Keck Graduate Institute student Laurel Anderson, MSGDA ’22, is working in collaboration with City of Hope’s Department of Computational and Quantitative Medicine (Division of Mathematical Oncology) to develop a more precise method for tracking the progress of patients undergoing treatment to create personalized medical plans.
The work Anderson is doing with City of Hope expands upon the skills she is learning in KGI’s Master of Science in Human Genetics and Genomic Data Analytics (MSGDA) program.
Anderson first completed a bioinformatics internship at City of Hope in the summer of 2021 and has continued to work with them over the course of the year for her capstone project on Acute Myeloid Leukemia (AML).
AML is a heterogeneous, highly malignant type of blood and bone marrow cancer. Generally, patients with AML have poor prognosis, but this can often be improved through bone marrow stem cell transplantation (BMT). City of Hope has one of the largest and most successful BMT centers in the nation.
Anderson recently presented a poster at the 11th Annual Southern California Systems Biology Symposium at UCLA summarizing their research, which analyzes the transcriptome, or full range of messenger RNA (mRNA) molecules, of BCL6 corepressor (BCOR) mutated AML patients who have undergone BMT.
The BCOR gene plays an important role in the function and survival of blood cells. Loss of function BCOR mutations are believed to have several deleterious pathogenic effects in the context of AML, and on the whole, they are believed to serve as a negative prognostic indicator for AML.
One of the goals of Anderson’s capstone project is to investigate whether BCOR mutations contribute toward the transition from a normal cell state to a leukemic cell state during AML disease progression. Using a CLIA-certified, in-house curated gene panel, which enables them to test for specific genes instead of all the genes in the human genome, City of Hope has been able to track patients’ disease progression more effectively and efficiently.
“By taking different blood samples and analyzing them over time, we can determine how well they’re responding to treatment at the gene level,” Anderson said. “If they’re about to relapse, we can see the different gene expressions change. Then, if we anticipate a relapse, we can adjust the treatment to help prevent the relapse or to ensure that the transplant goes the way we hope.”
The team used a mathematical model to stratify the gene expression levels of the controls and the leukemic patients.
“The reason we use mathematics is that it’s objective,” Anderson said. “Machine learning is dependent upon a person putting the parameters into the algorithm. They can create a program to make predictions on disease progression, but the program won’t account for any confounding factors they may be unaware of.”
KGI’s MSGDA program focuses on genomics—specifically, DNA, genomics sequences, and the implications of DNA mutations.
“Downstream from genomics, there’s transcriptomics, which involves mRNA,” Anderson said. “The next level is proteomics, or the study of proteins in a system or organism and how they interact. After that, you have other levels like metabolomics. In computational biology, when you’re making models for predictions, you integrate the different types of levels to get a holistic picture of what’s going on in the body.”
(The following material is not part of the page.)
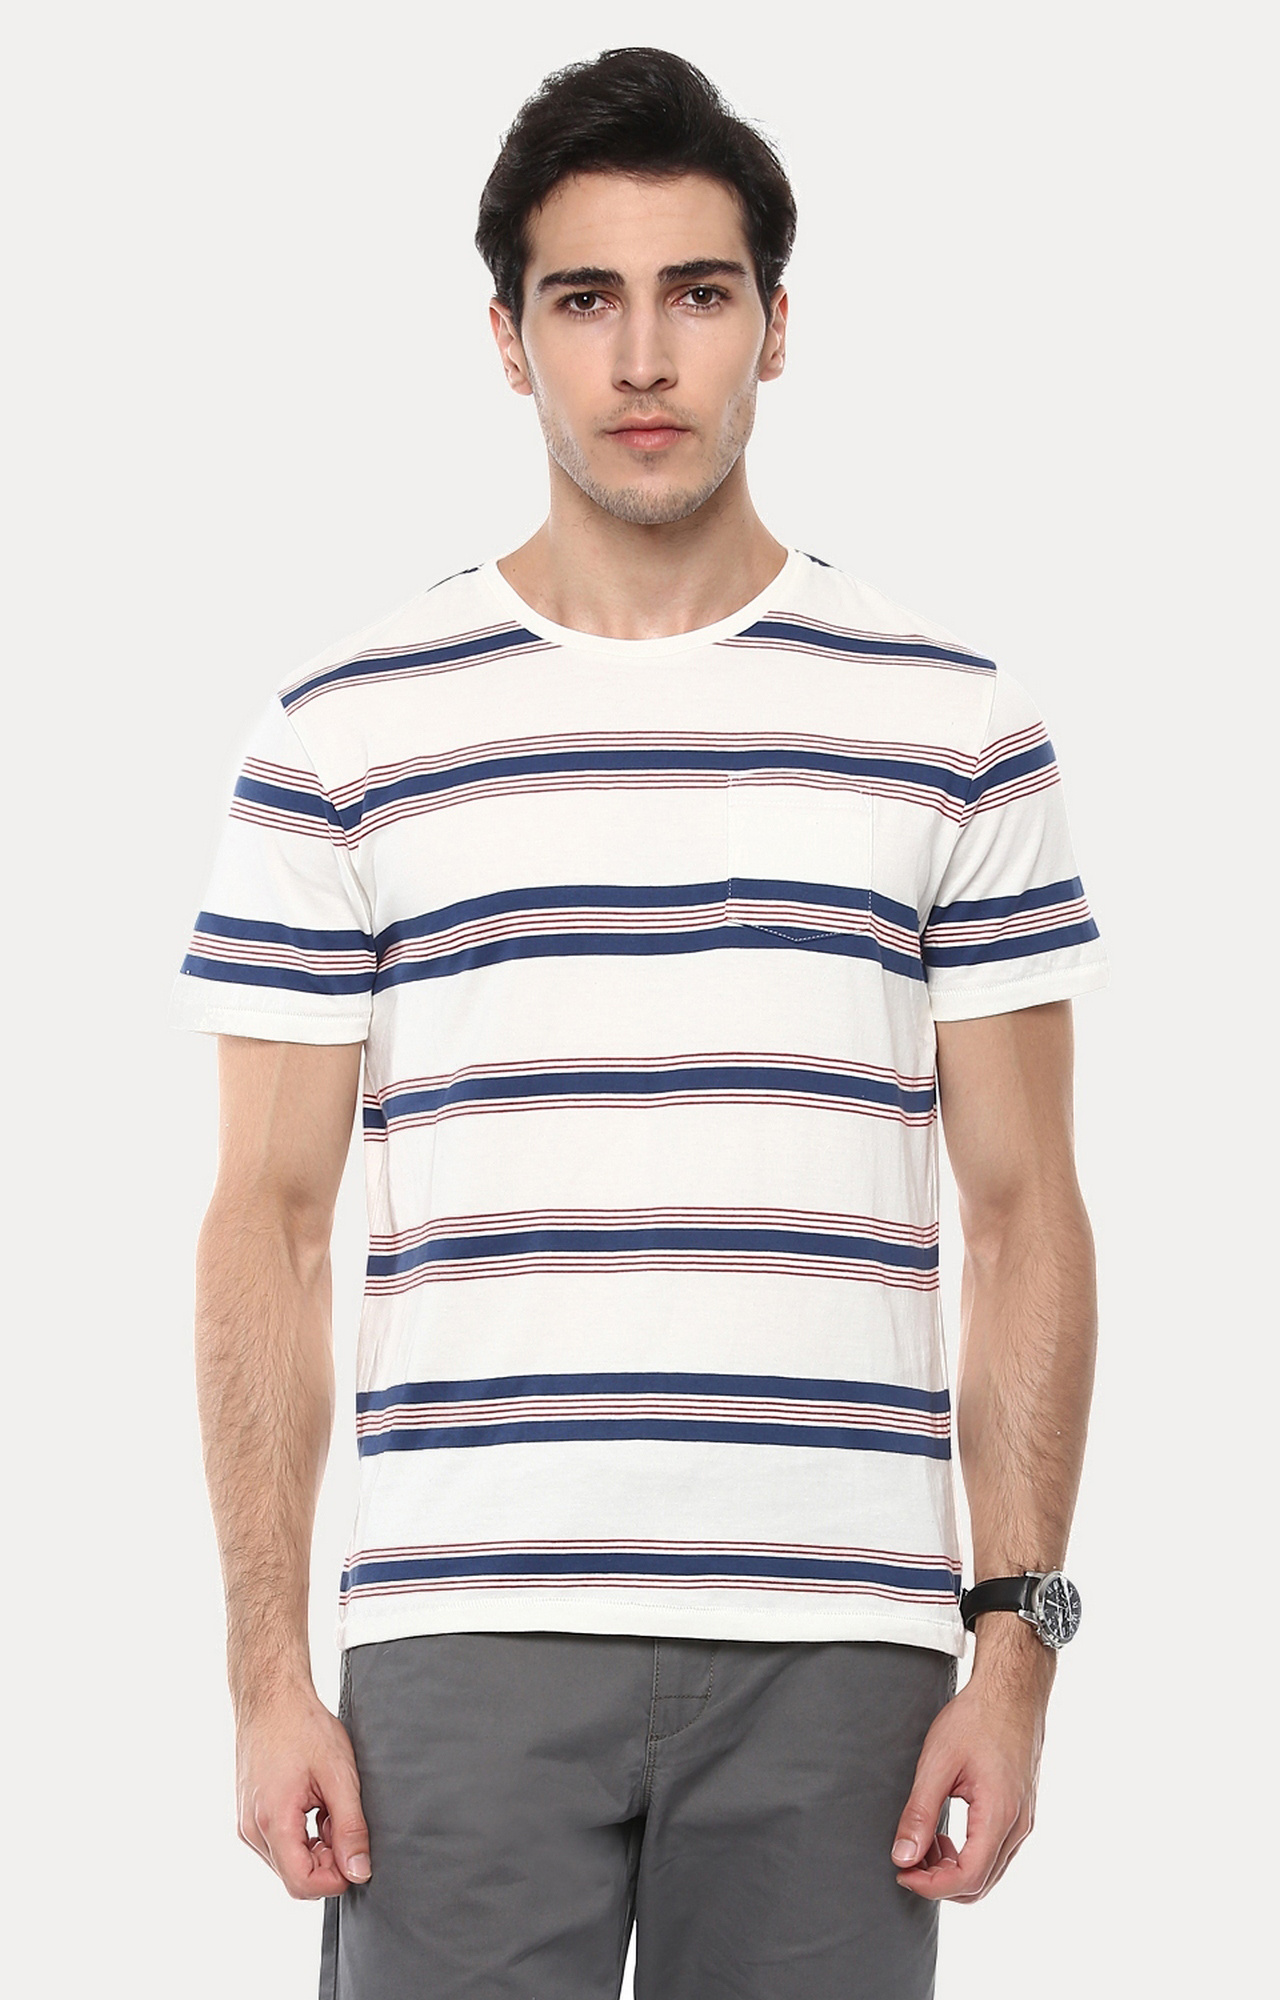 celio   Jebritain White and Blue Striped T-Shirt

Several KGI faculty members have been particularly influential in guiding Anderson’s journey. Professor of Management Dr. Steven Casper helped her to get out of her comfort zone for a class project which involved contacting companies and hospitals to gain information.
“I was nervous about calling random people, but he was very encouraging and gave us the resources we needed,” Anderson said. “Also, I really admire (MSGDA Program Director) Dr. Barbara Fortini. She has a lot on her plate. Even though many things happened suddenly, and she may not have all the answers, she has handled everything very professionally. I aspire to be like that one day.”
From Professor of Genetics Dr. Barbara Bailus, she learned how to connect with people with different scientific background levels and explain concepts in a way that they can understand. She owes her knowledge of computational biology to Harvey Mudd College Professor of Computer Science Dr. Zachary Dodds, who teaches GENE 312 Programming for the Biosciences at KGI as an Adjunct Professor.
“I would not know anything about programming or coding if it weren’t for his class,” Anderson said. “It’s a great class for beginners, and he’s a fun teacher to listen to.”
Similarly, Dodds has enjoyed working with Anderson.
“It’s been a wonderful opportunity to work with Laurel these past two years,” Dodds said. “In 2020, Laurel’s enthusiasm buoyed our all-Zoom GENE 312 cohort, and I was thrilled when she turned that energy to fall 2021’s course, for which Laurel worked as a peer-tutor (and overall promoter!). This year, as one of Laurel’s capstone advisors, I’ve been excited to watch how deeply Laurel has leveraged her energy and talents, addressing problems in the space where genomics and computation overlap.”
Anderson is currently applying for positions in bioinformatics and computational biology, where she plans to either continue working on treatments for blood and bone marrow cancers or pursue brain cancer research.
“However, if none of those paths work out, then I would like to pursue a career as a comedian in Japan,” Anderson said.
“I know seven languages, and one of my favorites is Japanese. If it wasn’t for COVID, I would have been an exchange student at a Japanese university. But in hindsight, it was good that I came to KGI instead.”